Winter (December, January, February) - winter begins on the 21st of December, the day of the winter solstice (=the longest night and the shortest day of the year and from this day the nights begin to get shorter and the days longer). One of the coldest months is January, when average temperatures can fall below 0°C (and can be as low as -10°C). At higher altitudes there is usually snow all winter. In the lowlands winter is generally referred to as "muddy", with temperatures around 3-5°C.
More detailed and up-to-date information about the weather and climate of the Czech Rep can be found on the website of the Czech Hydro meteorological Institute.
The Czech Republic is one of the safest countries in the world. The global ranking can be viewed on the website of the Global Peace Index.
According to the Czech Statistical Office, the number of criminal offenses since 2008 continues to fall.
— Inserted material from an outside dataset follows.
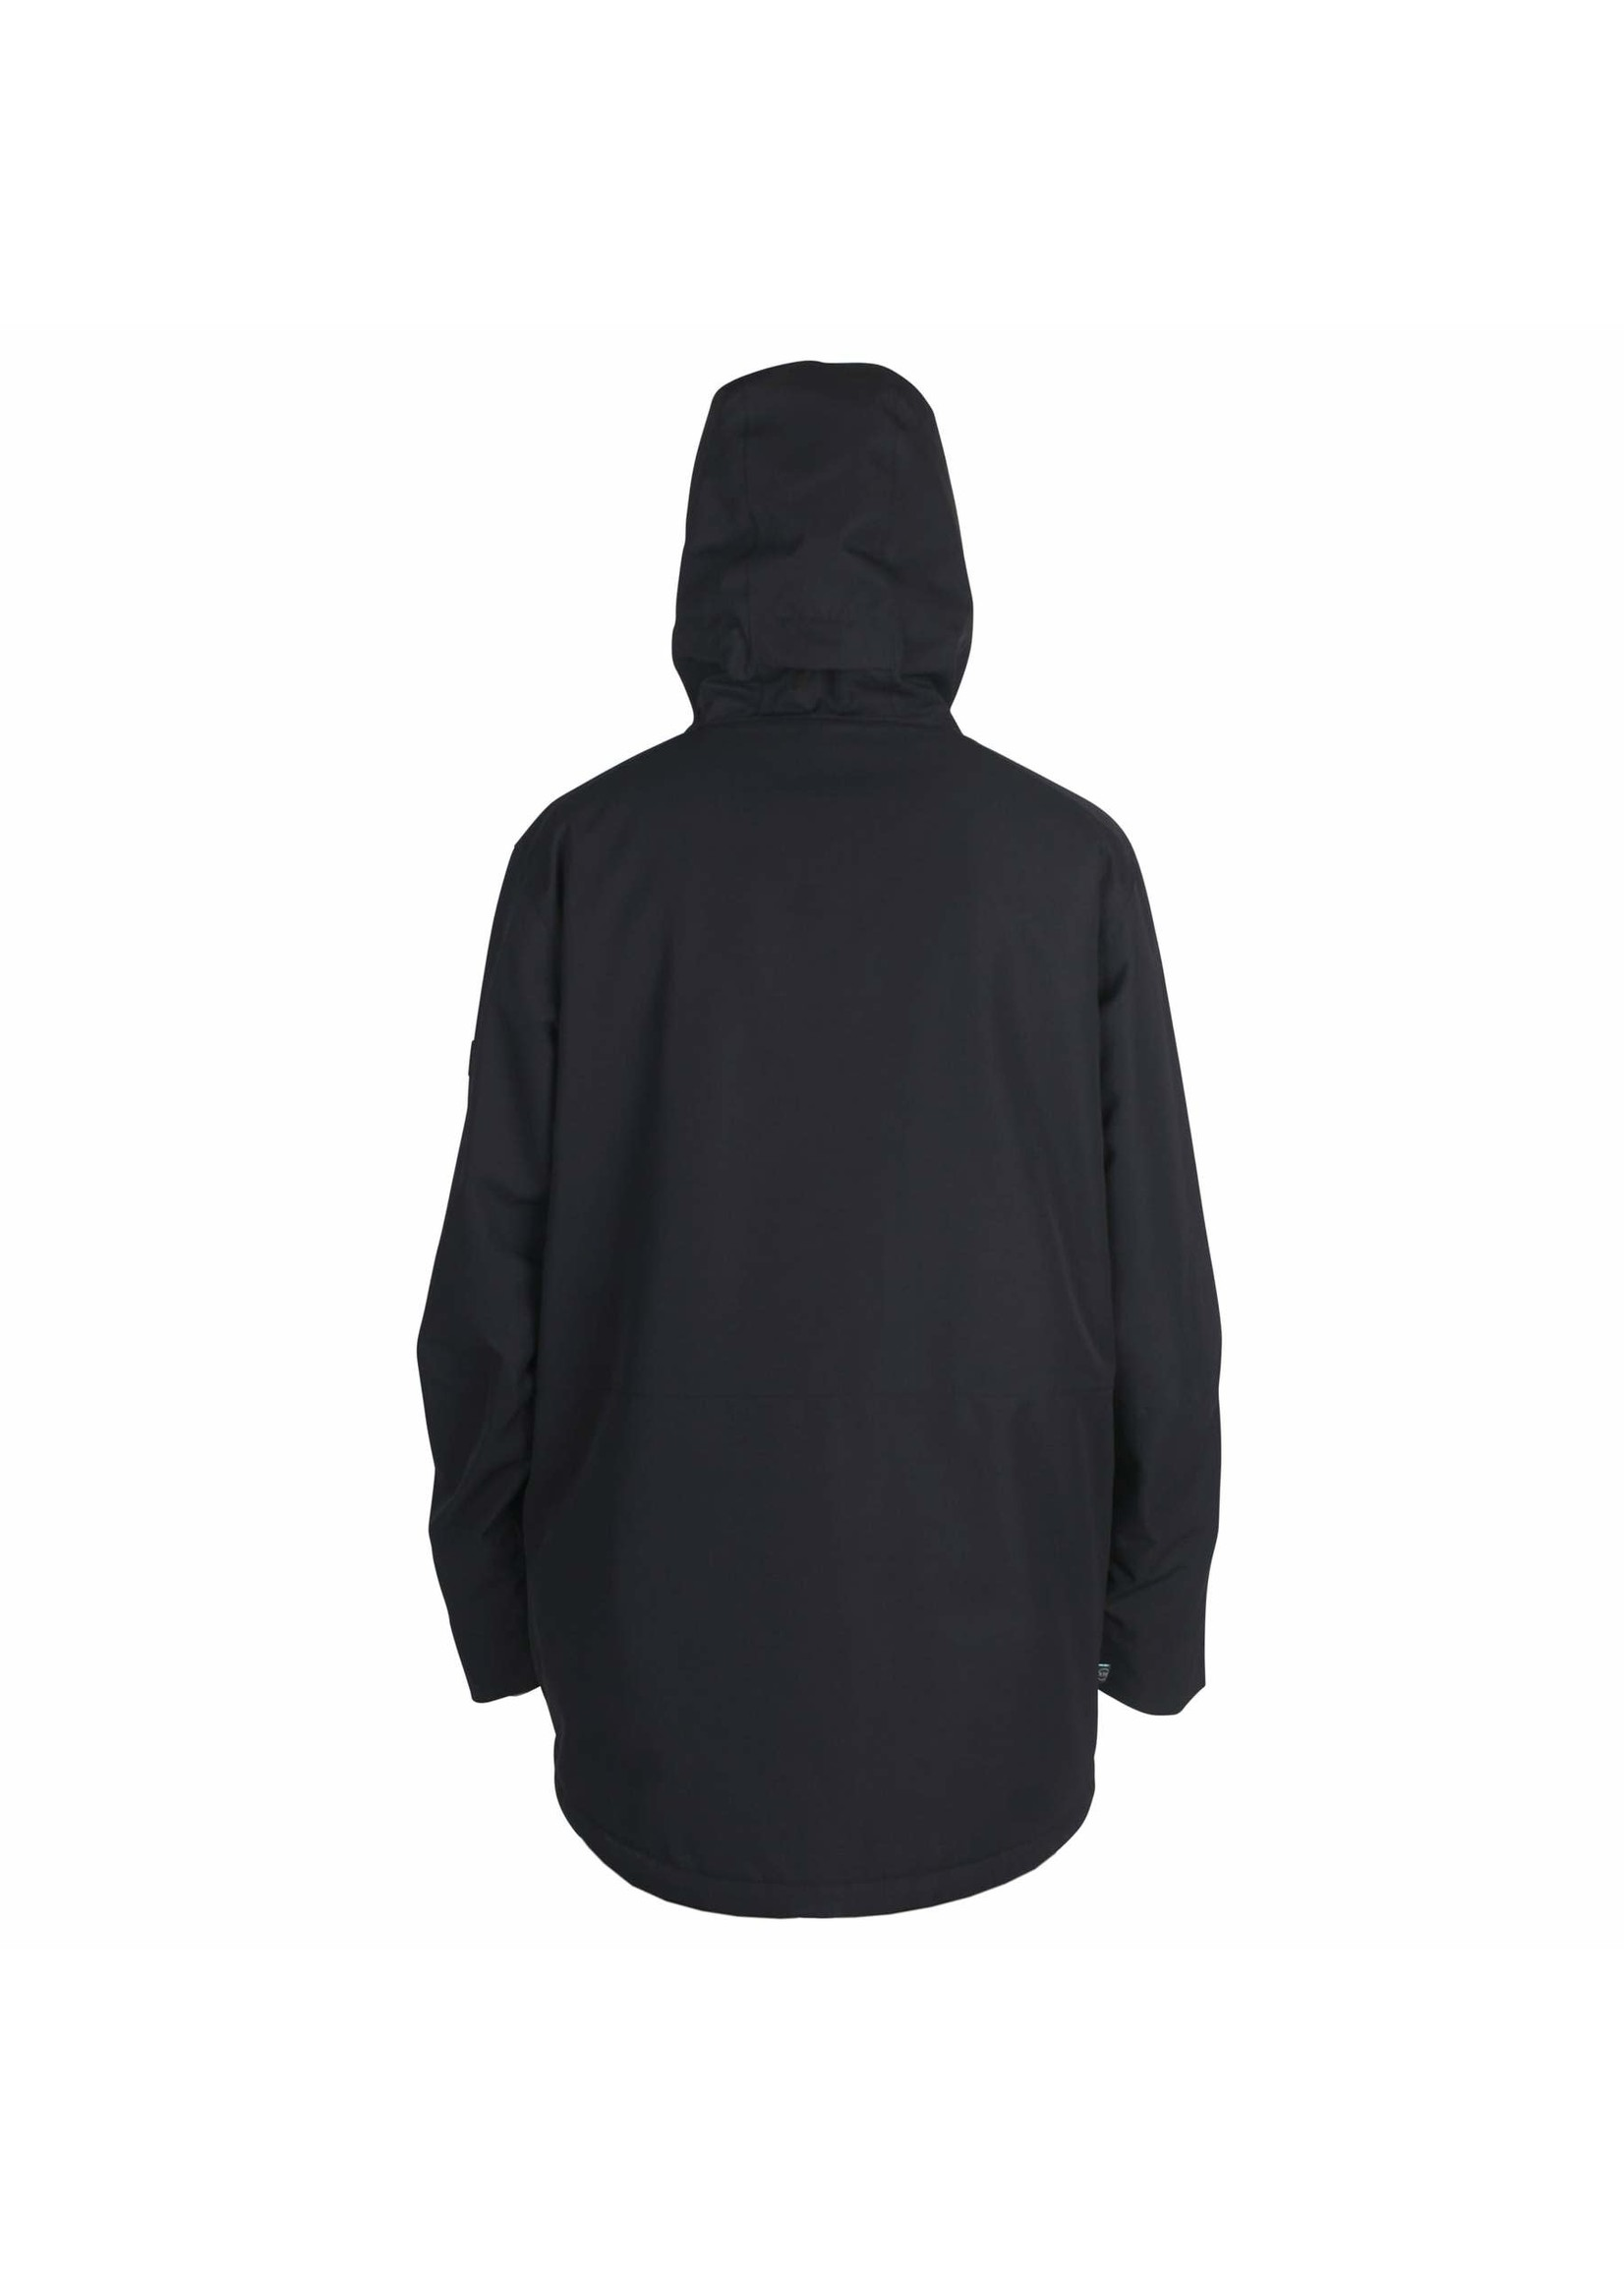 Ride Pinehurst Jacket

Compared to the previous year 2012 the crime rate decreased (according to the site Aktuálně.cz) again by another 4%.
The exterior security of the state is ensured together by NATO and the Army of the Czech Republic (AČR), and national order and internal security is ensured by the Police of the Czech Republic and the City (and municipal) police of individual towns and villages. Alongside these there is also the military police.
The national police emergency number is 158
Czech food is said to be heavy, greasy but very good. Nowadays young people especially tend to prefer lighter fare, but at weekends or holidays every Czech likes to sin and enjoy something typically Czech.
Soups form an important part of traditional Czech food. Most often Czechs will cook a type of broth (vegetable, chicken, beef). Traditional soups include beef broth with liver dumplings (traditionally served at weddings), potato soup, garlic soup, goulash, tripe soup or sauerkraut with sausage.
Mushroom picking is widespread in the Czech Rep. Mushroom picking is not just a hobby for many Czechs, but the mushrooms themselves are also a key ingredient in a number of dishes (they are also eaten breaded and fried).
Meat reigns in Czech cuisine. Above all we eat pork, beef, poultry, but also freshwater fish and venison. Various sauces are prepared to eat with meat, e.g.: dill, mushroom, tomato, beef, pepper.
A traditional side dish is dumplings (either bread or potato), or potatoes. These days, however, a lot of people prefer different types of pasta and rice.
Traditional Czech dishes include pork schnitzel with potatoes (or at Christmas with a potato salad), roast pork with dumplings and sauerkraut, beef with dumplings, tomato sauce with dumplings and beef, goulash, fried carp (especially at Christmas), Prague ham, potato dumplings stuffed with smoked meat, roast duck with dumplings and sauerkraut, potato pancake, peas (or lentils) with smoked meat, or rabbit with dumplings.
Our students also really like ordering "smažák" – cheese coated in batter (flour, eggs, breadcrumbs) and deep-fried.
Sweet Czech delicacies include fruit dumplings, buns (most often with soft cheese, poppy seed or jam), sweet potato gnocchi or potato dumplings with poppy seed, apple pudding or ducat buns with cream.
Desserts - cakes, pies (soft cheese, poppy seed, jam)
Traditional Czech alcoholic drinks include, at the top, beer, but also wine (grapes are mainly grown in Moravia) and slivovice (a plum brandy, also originating from Moravia).
With beer Czechs often enjoy cold sausage with onions ("utopenec"), pressed meat ("tlačenka"), Olomouc cheeses and pickled camembert.